# Miss Dolce living up to her name



## moonchild (Jul 29, 2012)

Excuse the unflattering photos of me, I was beyond exhausted and not feeling great. But I still wanted to share the cuteness.




























In other news, I think she laid an egg.


----------



## ollieandme (Mar 25, 2013)

aw she's a cutie!!
and an egg  wow!! at least that confirms gender :lol:
has the sock come yet?


----------



## Mezza (Feb 19, 2013)

AAAWWW! So much llike Skiddles - such snuggle bunnies.


----------



## urbandecayno5 (Oct 24, 2012)

She looks like such a mush
The second pic is super cute


----------



## moonchild (Jul 29, 2012)

ollieandme said:


> aw she's a cutie!!
> and an egg  wow!! at least that confirms gender :lol:
> has the sock come yet?


Well, I guess it COULD be Aurora's egg but Dolce was "playing" with it. Rolling it around and biting at it a bit.  I don't think she thought it was a toy...I've never seen a tiel play with a ball that way. Sigh. Time to get some fake eggs probably...
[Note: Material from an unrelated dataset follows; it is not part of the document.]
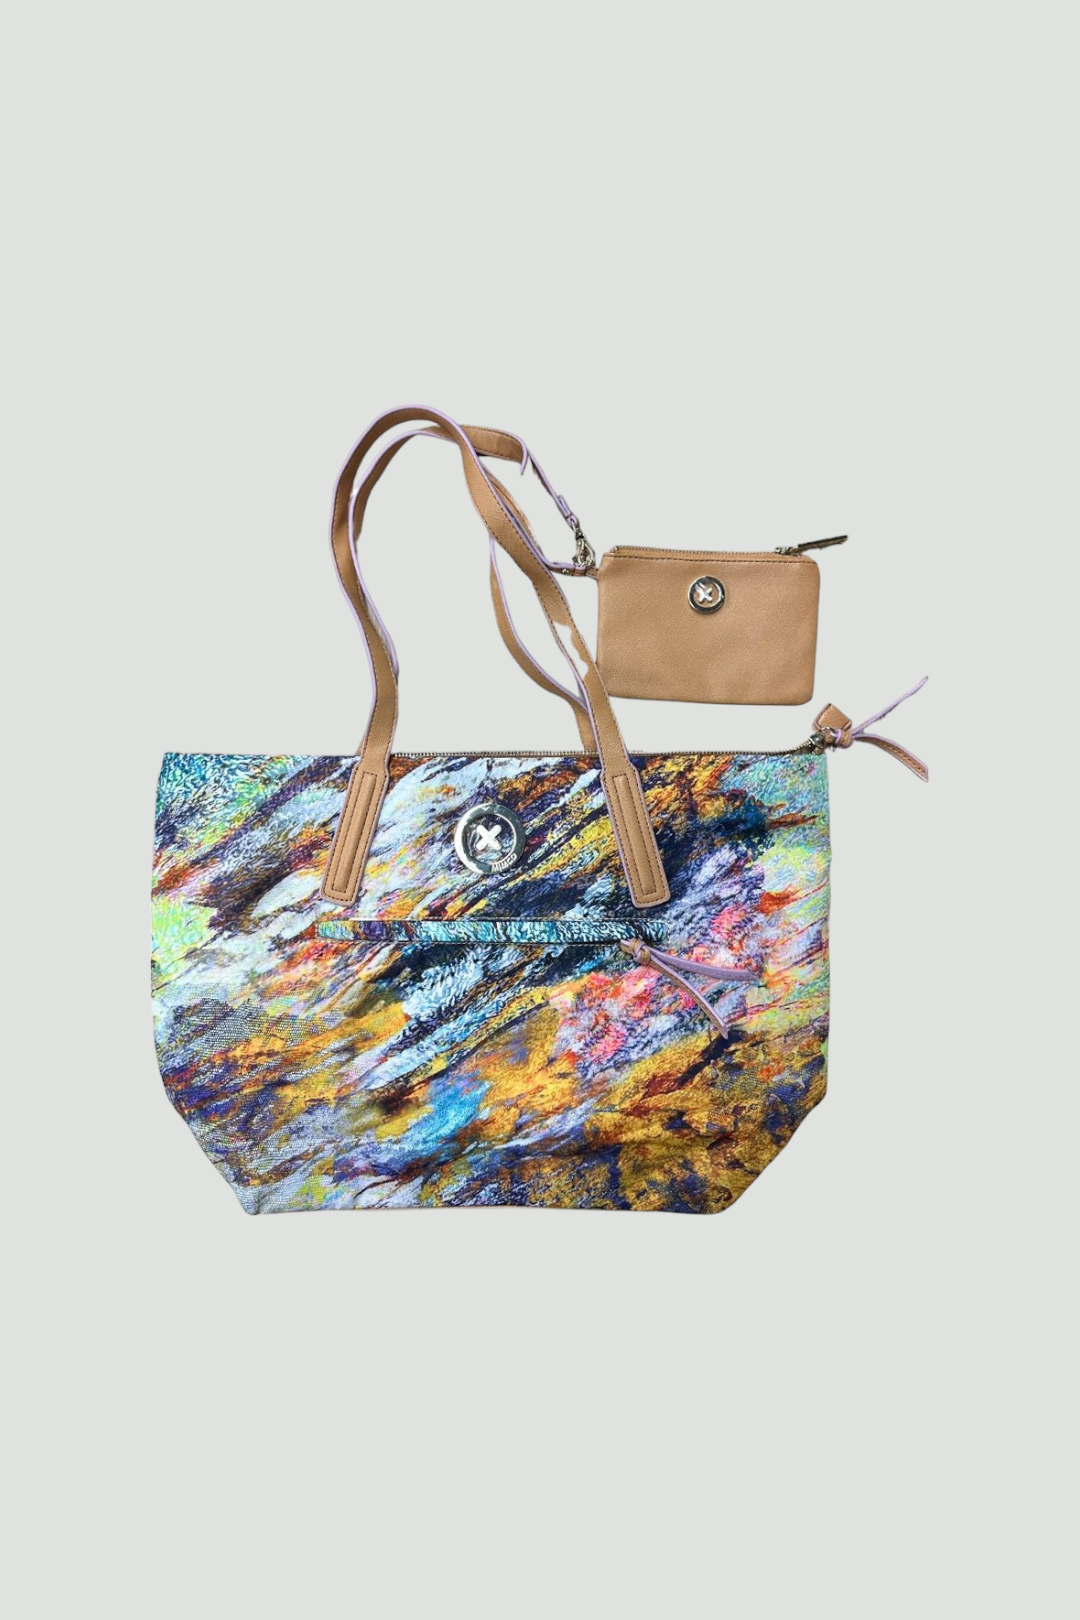 Mimco Abstract Pattern Tote Bag in Multi

The sock hasn't come yet, but it should be here soon.


----------



## BirdCrazyJill (Apr 23, 2013)

aww what a little sweetie


----------



## RexiesMuM (Sep 7, 2011)

She is still gorgeous despite missing all those feathers !! My flock loves to roll around ping ping balls , Wouldn't surprise me if she was playing with the egg


----------



## .Alexandra. (Sep 11, 2012)

Aww that is really cute! 
And good luck with the egg thing


----------



## scootergirl762 (Aug 27, 2013)

What a sweetie! Good luck with the egg, too. Did you want them to breed?


----------



## Anna-marie (Jul 30, 2013)

awww what a sweetie


----------



## eduardo (Jan 27, 2012)

What a sweetheart!


----------



## Loopy Lou (Jul 26, 2012)

Aww what a cutie 

Good luck finding the owner of the egg :O I guess you'll be waiting for more to appear!


----------



## urbandecayno5 (Oct 24, 2012)

Any chances theres a baby in it?


----------



## Renae (Feb 9, 2008)

Lovely photos! 

Sent from Petguide.com Free App


----------



## moonchild (Jul 29, 2012)

Thanks everyone. 
Her sock sweater kit came yesterday! The socks are white. Now the hard part: getting one ON her.



RexiesMuM said:


> She is still gorgeous despite missing all those feathers !! My flock loves to roll around ping ping balls , Wouldn't surprise me if she was playing with the egg


Hmmm I wonder then! Nobody has gone near the egg since I saw her playing with it, so it's a mystery for now. 



scootergirl762 said:


> What a sweetie! Good luck with the egg, too. Did you want them to breed?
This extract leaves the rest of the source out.